A Praia - Alex Garland

Demorei mais tempo a acabar este livro do que aquele que à partida seria necessário, mas isso deveu-se ao facto de me ter deixado levar calmamente pela escrita deste Alex Garland. Convenhamos: esta não é uma grande obra-prima literária (nem pouco mais ou menos), mas está escrita de tal forma que nos deixa agarrados desde a primeira frase até à última, muito graças à quantidade incrível de acontecimentos. Por estas razões, não é de estranhar que passado tão pouco tempo após a publicação deste livro, ele tenha sido adaptado ao cinema. E percebe-se perfeitamente que foi escrito no início da década de 90, graças às referências a filmes e especialmente aos jogos de vídeo: quem não se lembra de jogar o Street Fighter, o Super Mario ou o Sonic? Além disso, é ali abordado um tema que começou a tornar-se pertinente naquela altura e que hoje sentimos cada vez mais na pele, que é o do turismo de massa (a este propósito, as observações de Richard no que respeita a ser um viajante são também muito interessantes e dignas de nota).

Infelizmente já vi o filme protagonizado pelo Leonardo DiCaprio mais de uma vez, por isso esta leitura foi sempre um bocado contaminada pelas imagens e pelo que eu já sabia que ia acontecer. No entanto, foi sempre deixado espaço à surpresa, na medida em que nem tudo foi mantido igual na transposição para o grande ecrã.
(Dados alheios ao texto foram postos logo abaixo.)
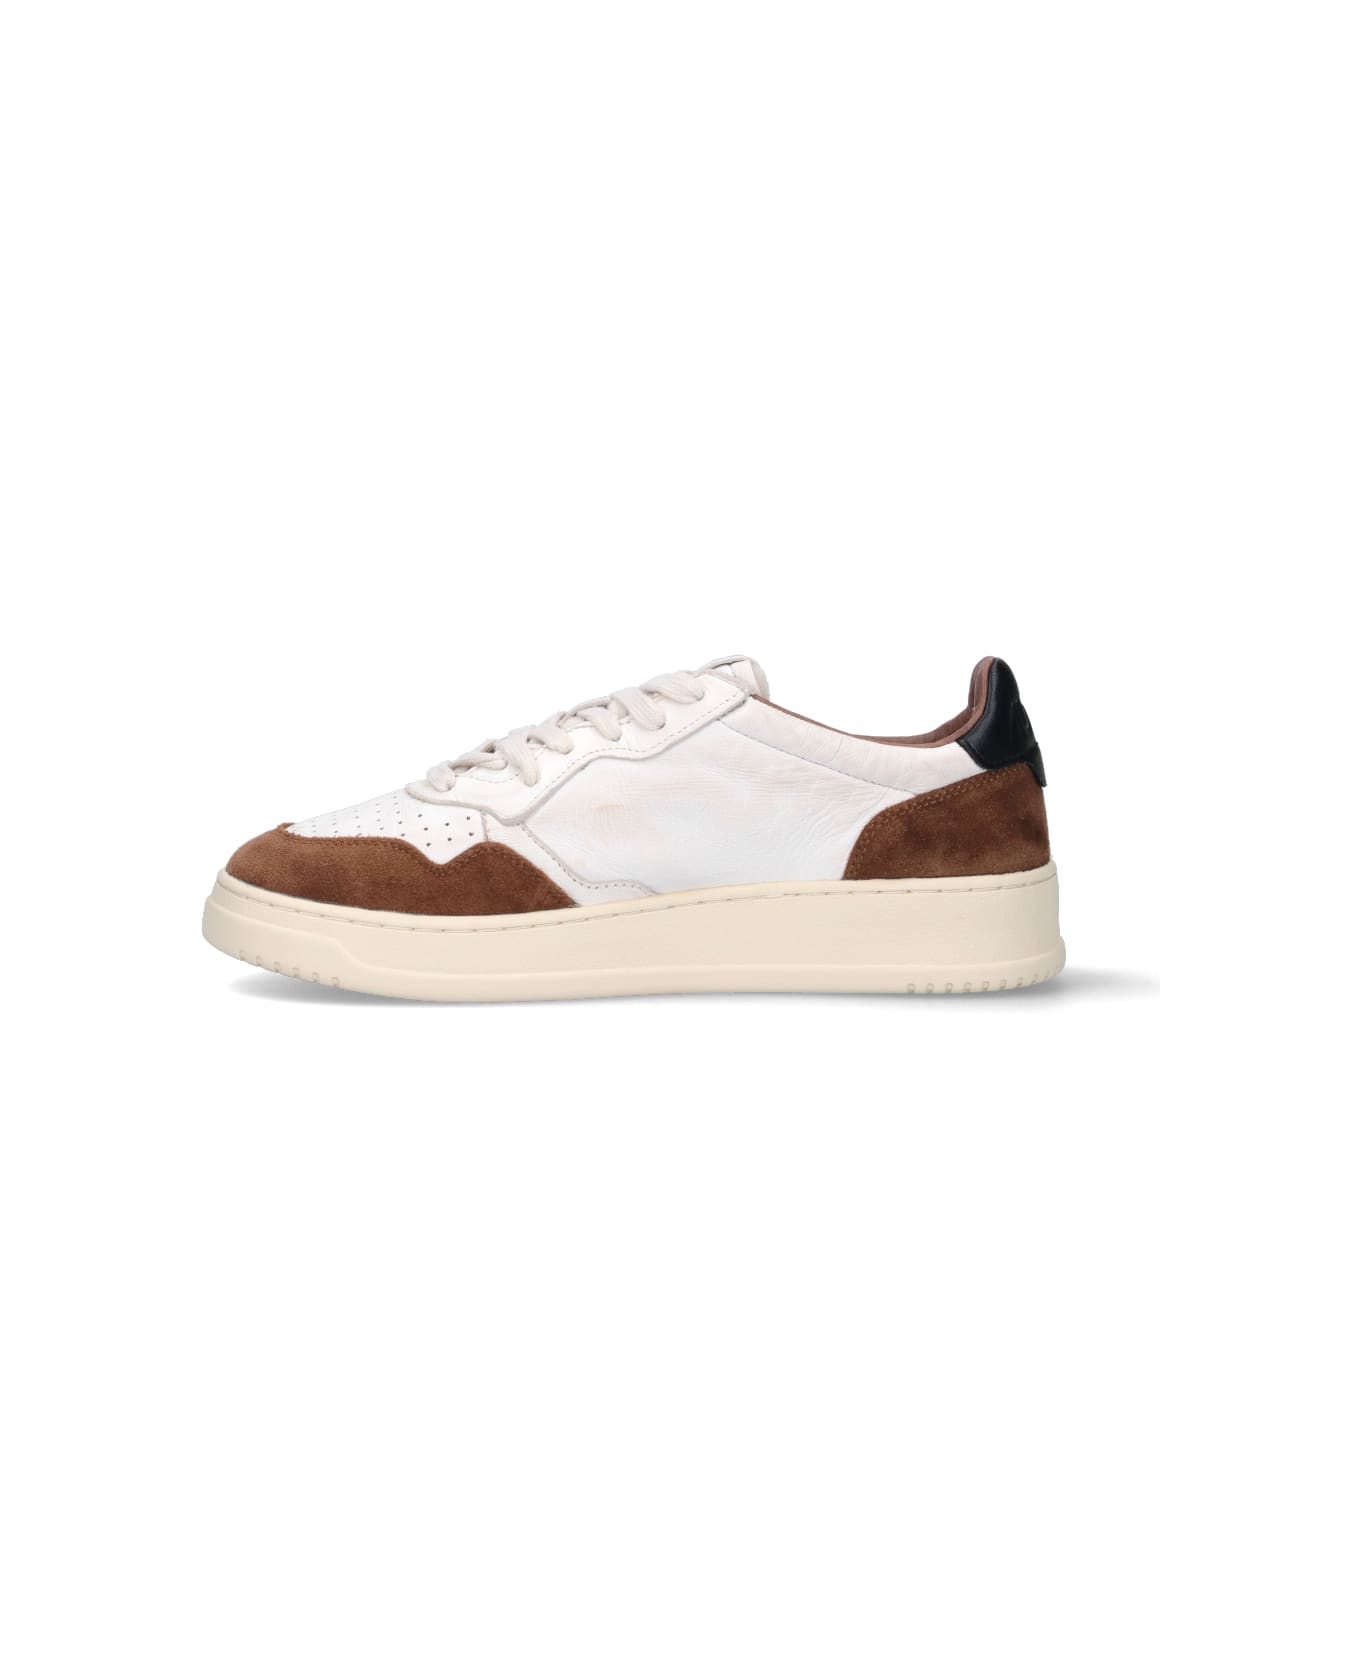 Autry Medalist Low Sneakers In Brown Suede And White Leather - White

Além disso, consegui perfeitamente dissociar a imagem do Leonardo ao Richard! Preferi muito mais o Richard britânico e moreno do que o americano loiro e de olhos azuis. Em todo o caso, e acho que isto só acontece porque já tinha visto o filme antes de ler o livro - caso contrário seria um feroz crítico de tamanhas liberdades - não acho que as alterações tenham desvirtuado muito a história. Bem, talvez exceptue desta observação os apontamentos românticos e sexuais que não existem na versão literária, o que não deixa de mostrar que o filme foi feito mais a pensar em encher o olho aos adolescentes com as hormonas aos saltos do que propriamente para bem da Sétima Arte.

Julgo que este livro não deva ser incluído junto daqueles que tratam sobre a intrínseca maldade humana (tal como O Deus das Moscas), como me fizeram crer quando mo aconselharam. No entanto, não deixa de surpreender um pouco a violência dos capítulos finais. A única personagem com quem simpatizei verdadeiramente foi Étienne, o mais sensato do grupo. Todos os outros me pareceram excêntricos (Unhygienix), calculistas (Sal), desinteressantes (Keaty), loucos (Richard). Estranho é também a associação que Alex Garland faz entre a Praia e a Guerra do Vietname, fazendo surgir do nada (ou melhor, da loucura de Richard) a personagem Daffy. Sinceramente, acho que não cheguei a perceber muito bem essa associação...

Quanto à ideia de viver num sítio paradisíaco longe de tudo e de todos pode ser bastante apelativa, mas não sei se gostaria de passar pela experiência. Talvez por um curto espaço de tempo fosse interessante, mas poderia tornar-se rapidamente aborrecido. Além disso, como fica ali provado, o paraíso de facto não existe.